» **Your objective**: In the records below, the lines between the one holding "銀山駅(JR函館本線)の固定資産税・固定資産税評価額 | トチノカチ" and the one holding "PSP Conference 2020", inclusive, are to be transcribed exactly; no pictures are to be included.

(Supplied records Opens)

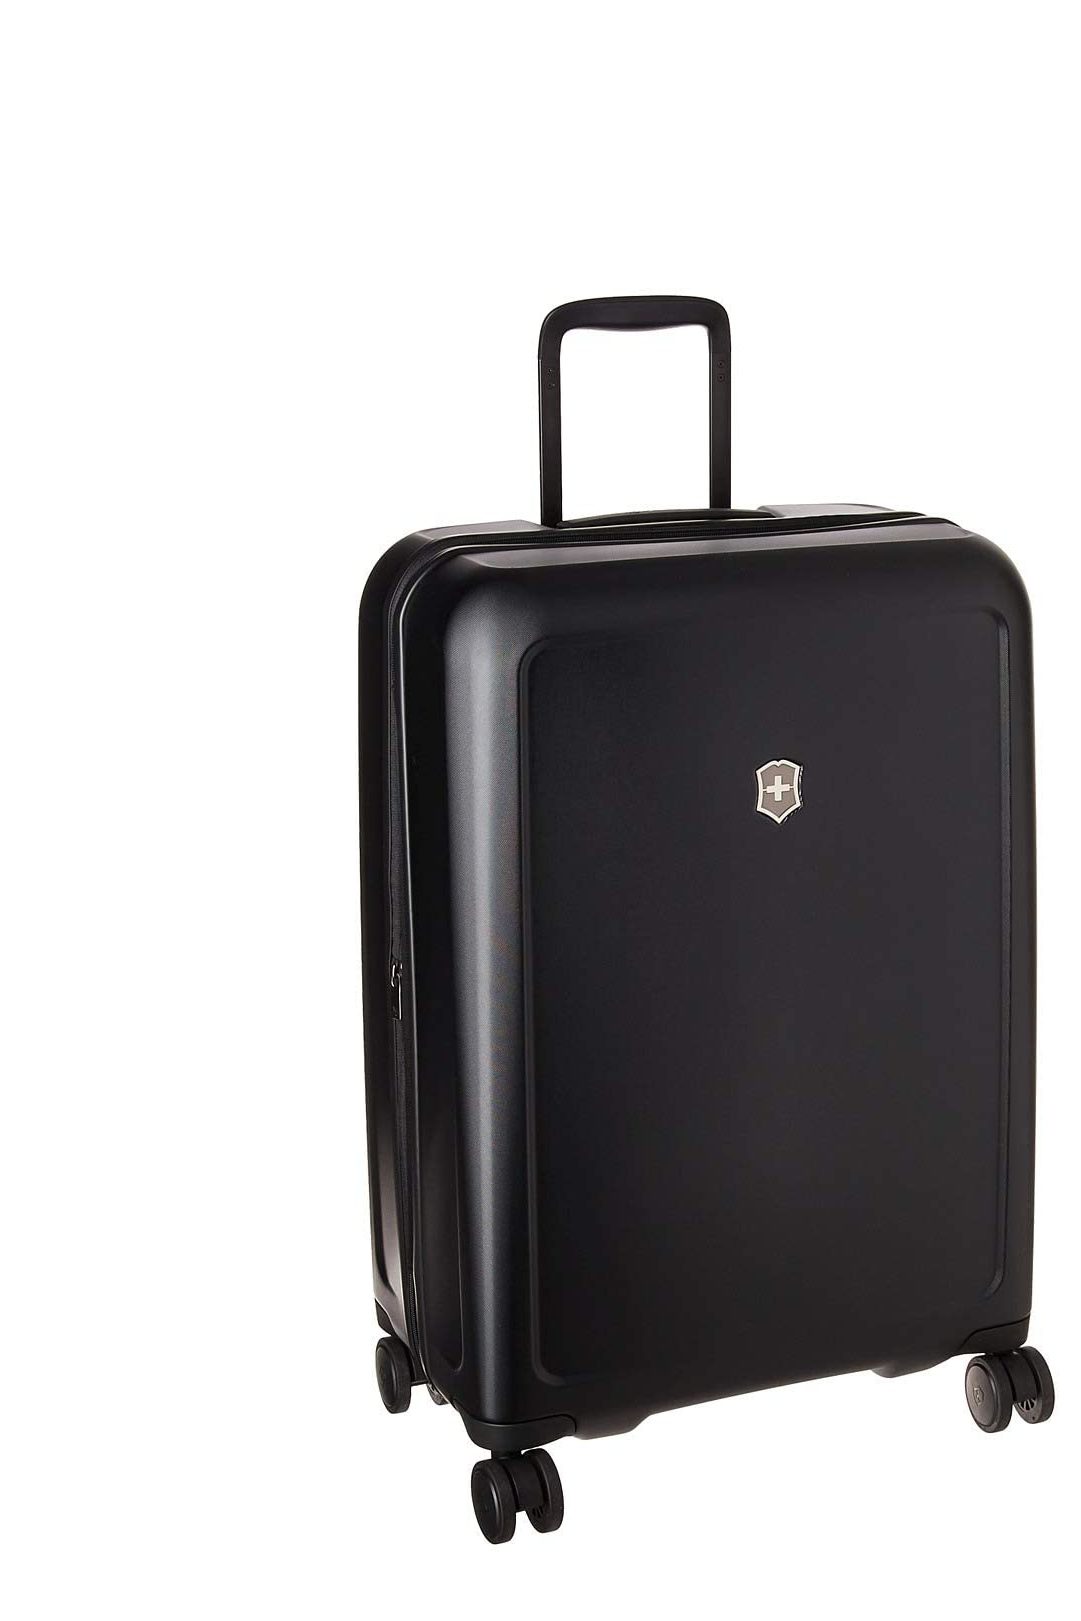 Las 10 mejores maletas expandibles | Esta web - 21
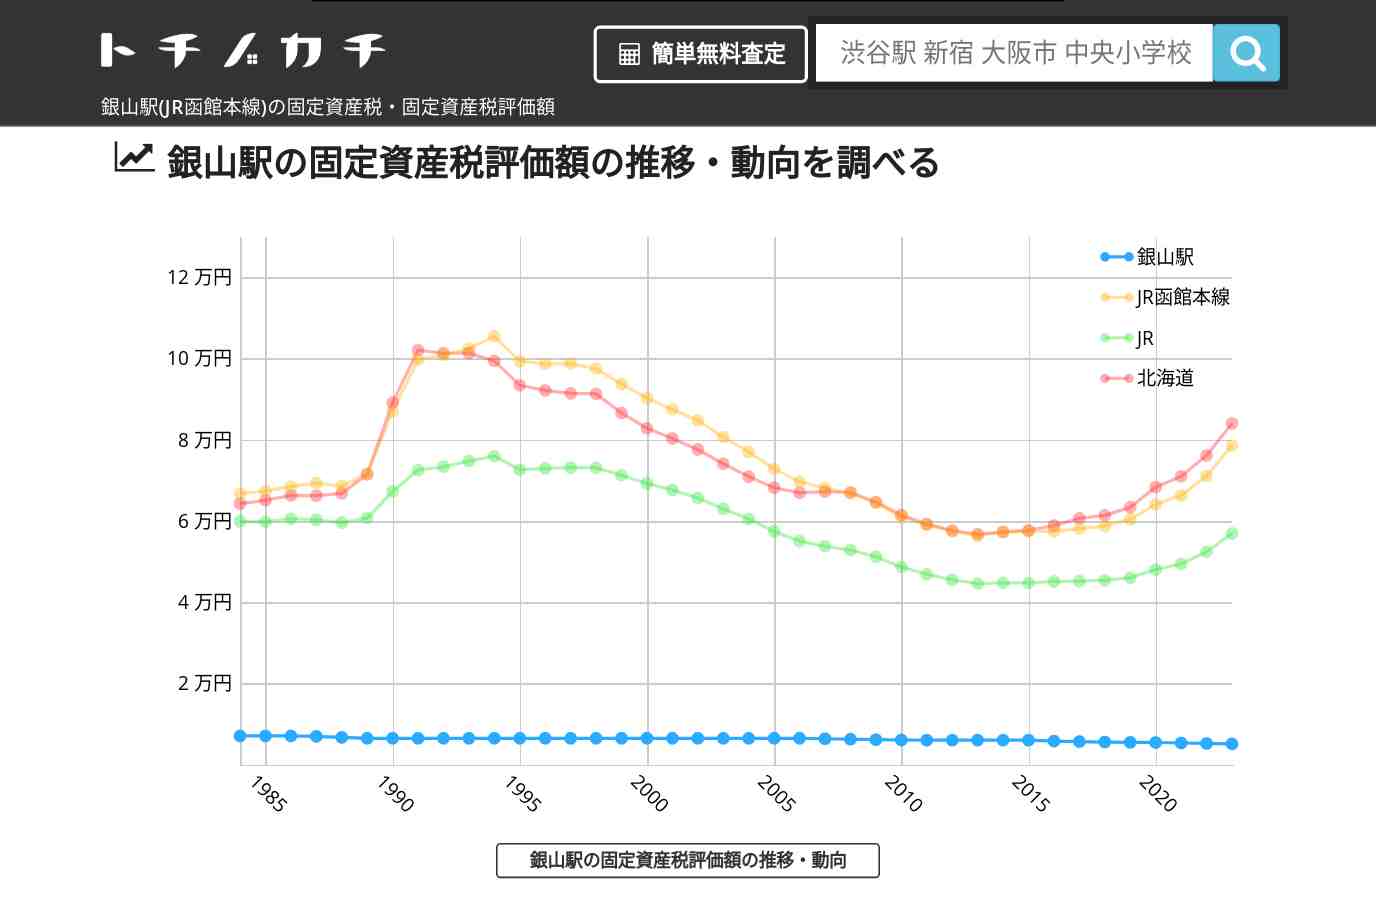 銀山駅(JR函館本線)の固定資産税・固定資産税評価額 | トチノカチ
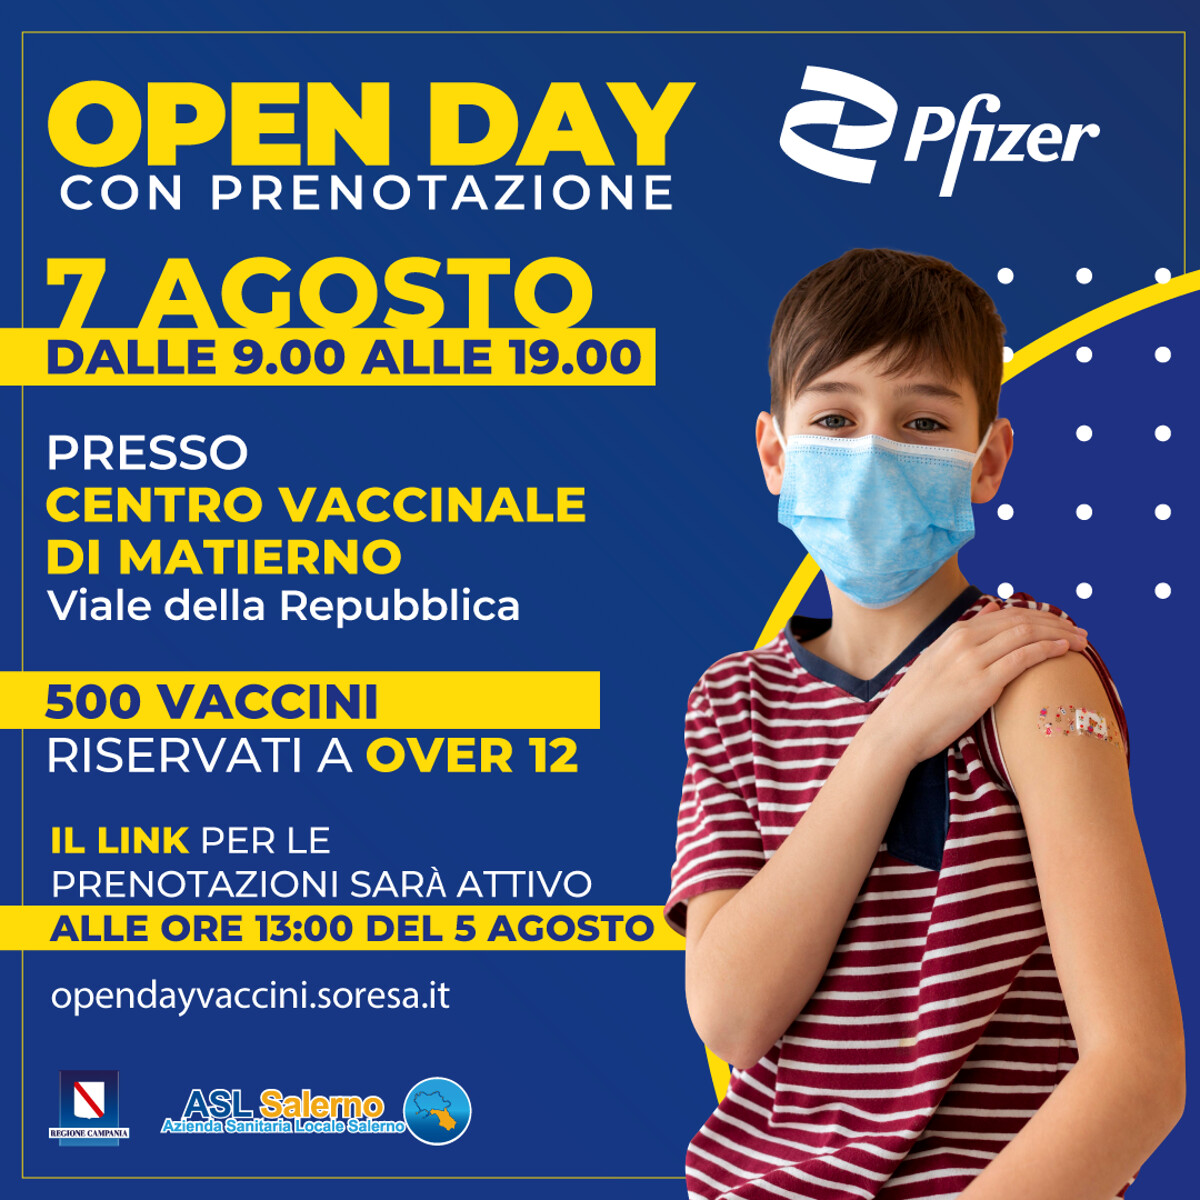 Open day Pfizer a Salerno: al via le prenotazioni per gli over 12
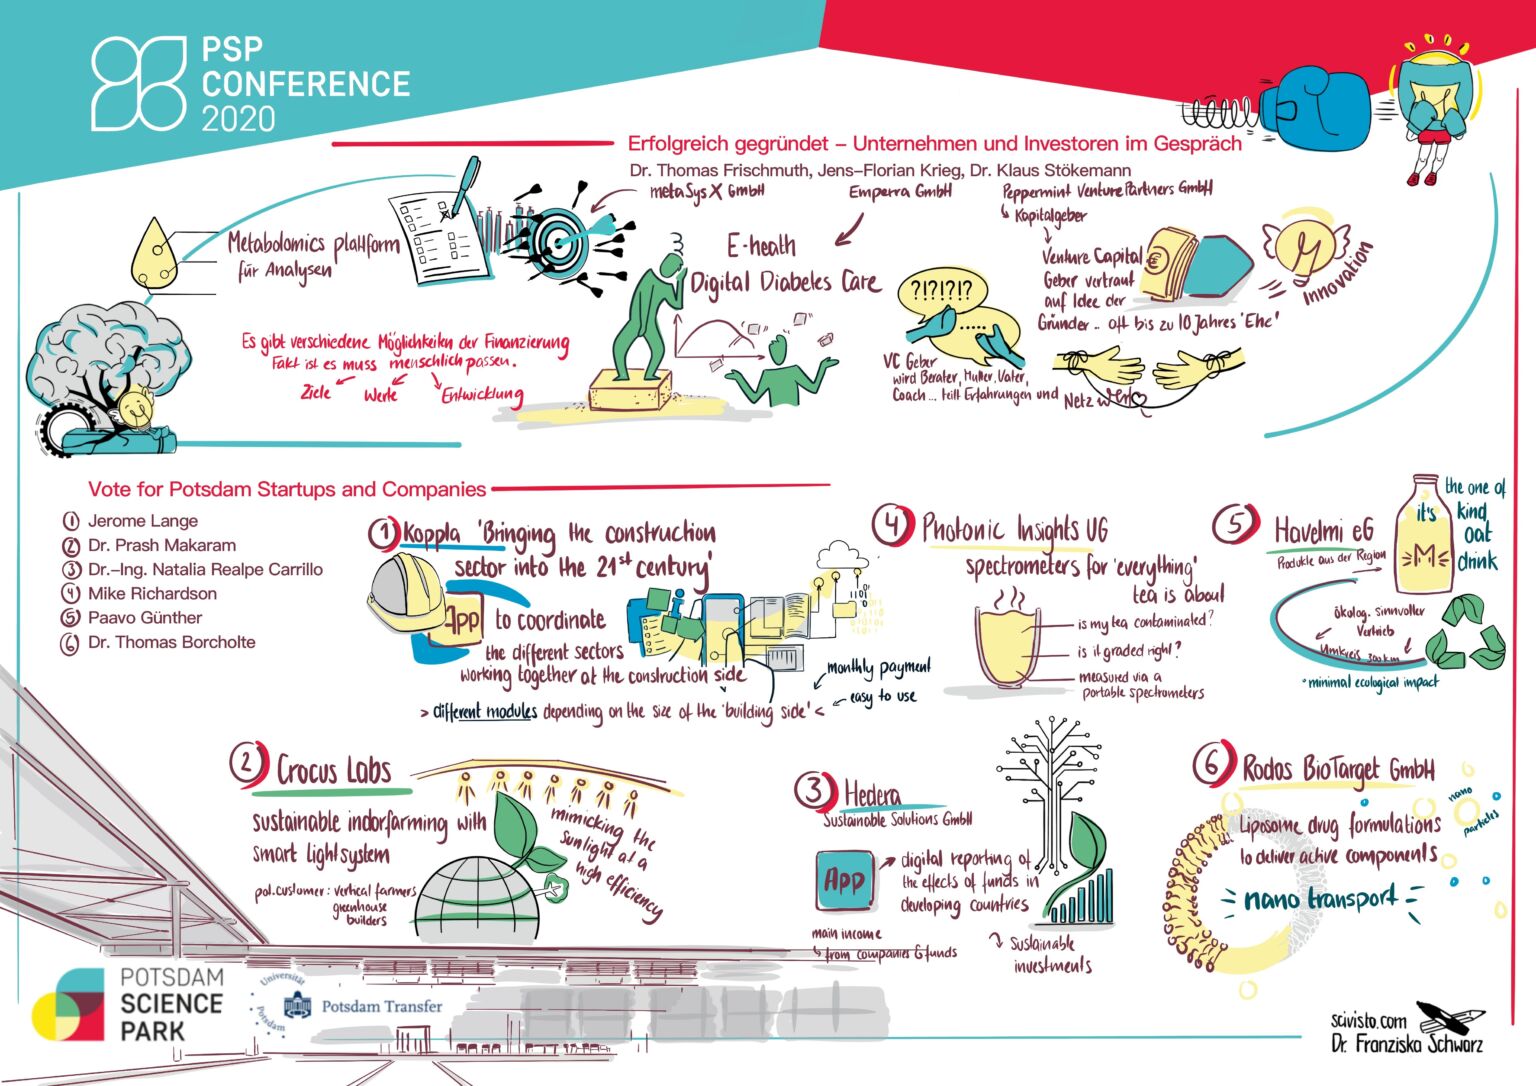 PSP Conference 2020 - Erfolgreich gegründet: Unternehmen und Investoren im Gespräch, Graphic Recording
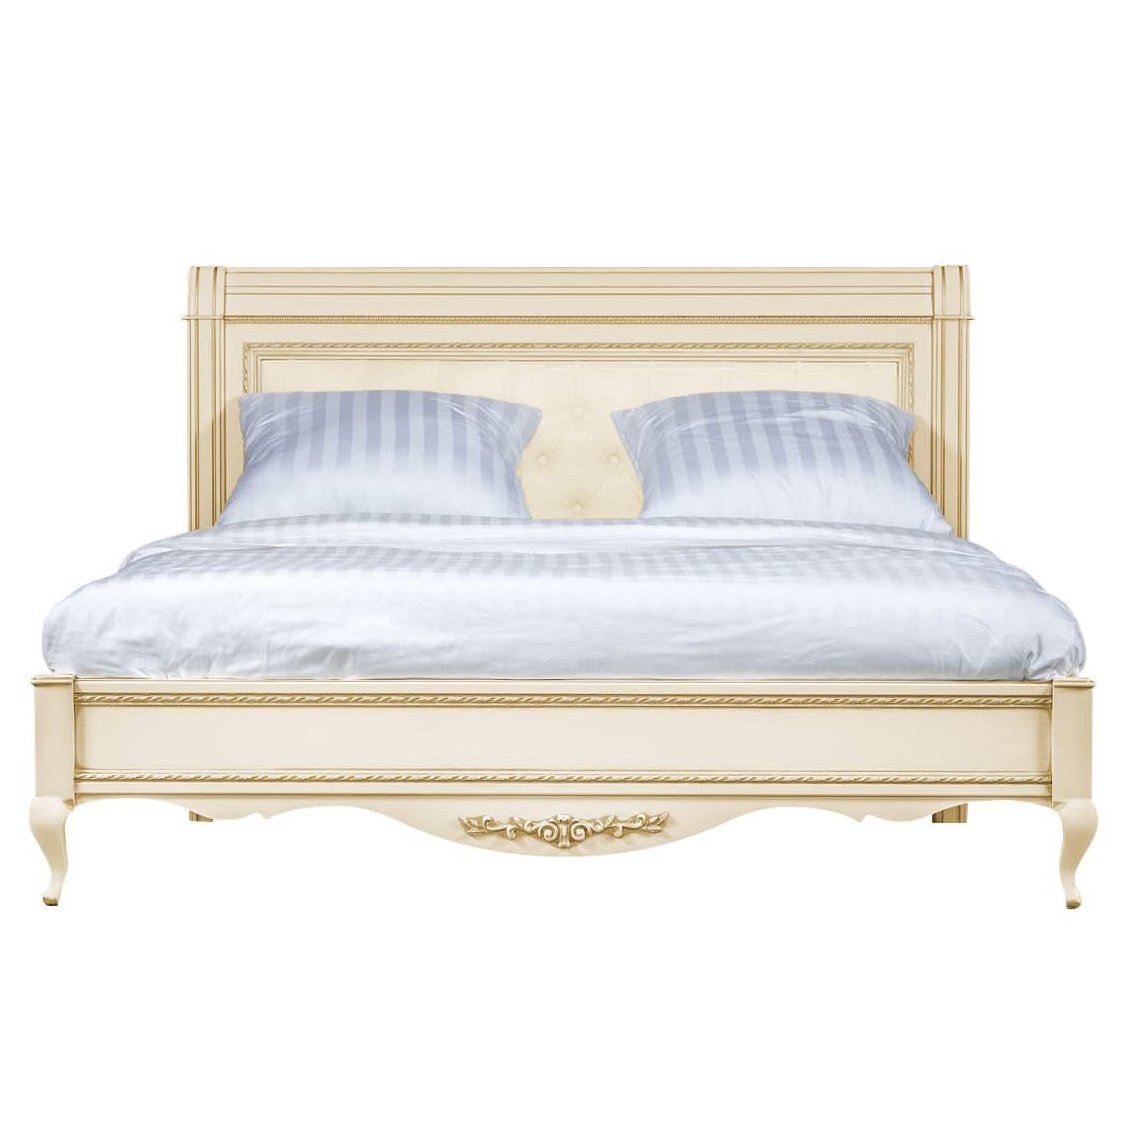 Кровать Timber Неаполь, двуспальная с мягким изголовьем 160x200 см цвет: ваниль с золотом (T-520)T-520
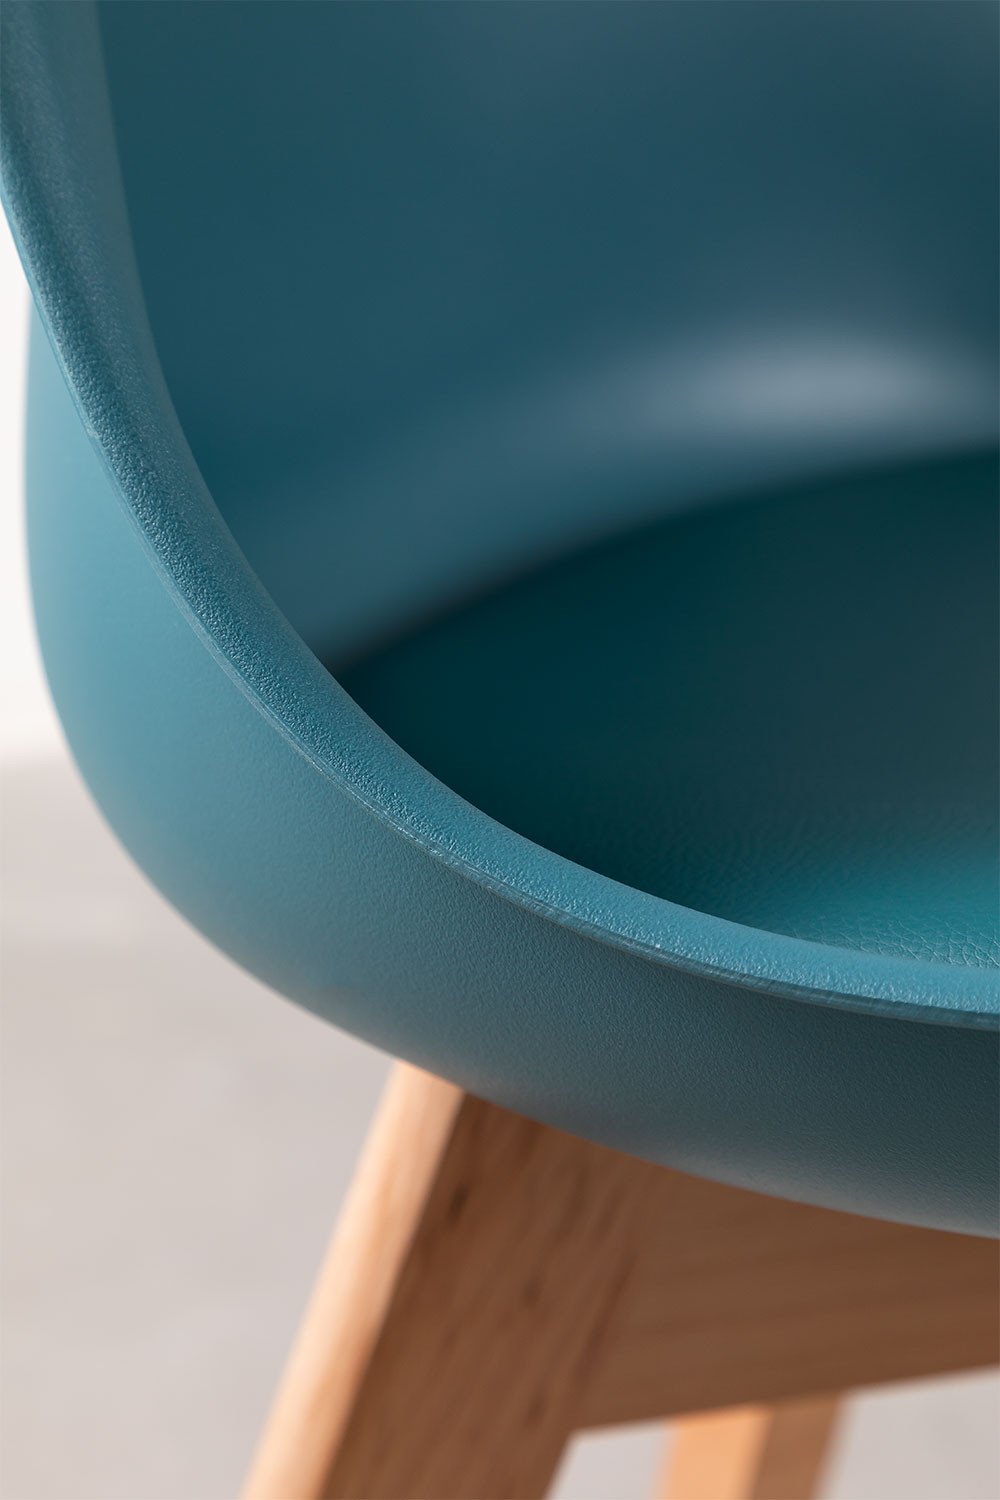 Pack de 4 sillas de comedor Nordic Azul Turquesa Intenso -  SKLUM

(Supplied records Closes)

» **Task answer**:
 銀山駅(JR函館本線)の固定資産税・固定資産税評価額 | トチノカチ
 Open day Pfizer a Salerno: al via le prenotazioni per gli over 12
 PSP Conference 2020 - Erfolgreich gegründet: Unternehmen und Investoren im Gespräch, Graphic Recording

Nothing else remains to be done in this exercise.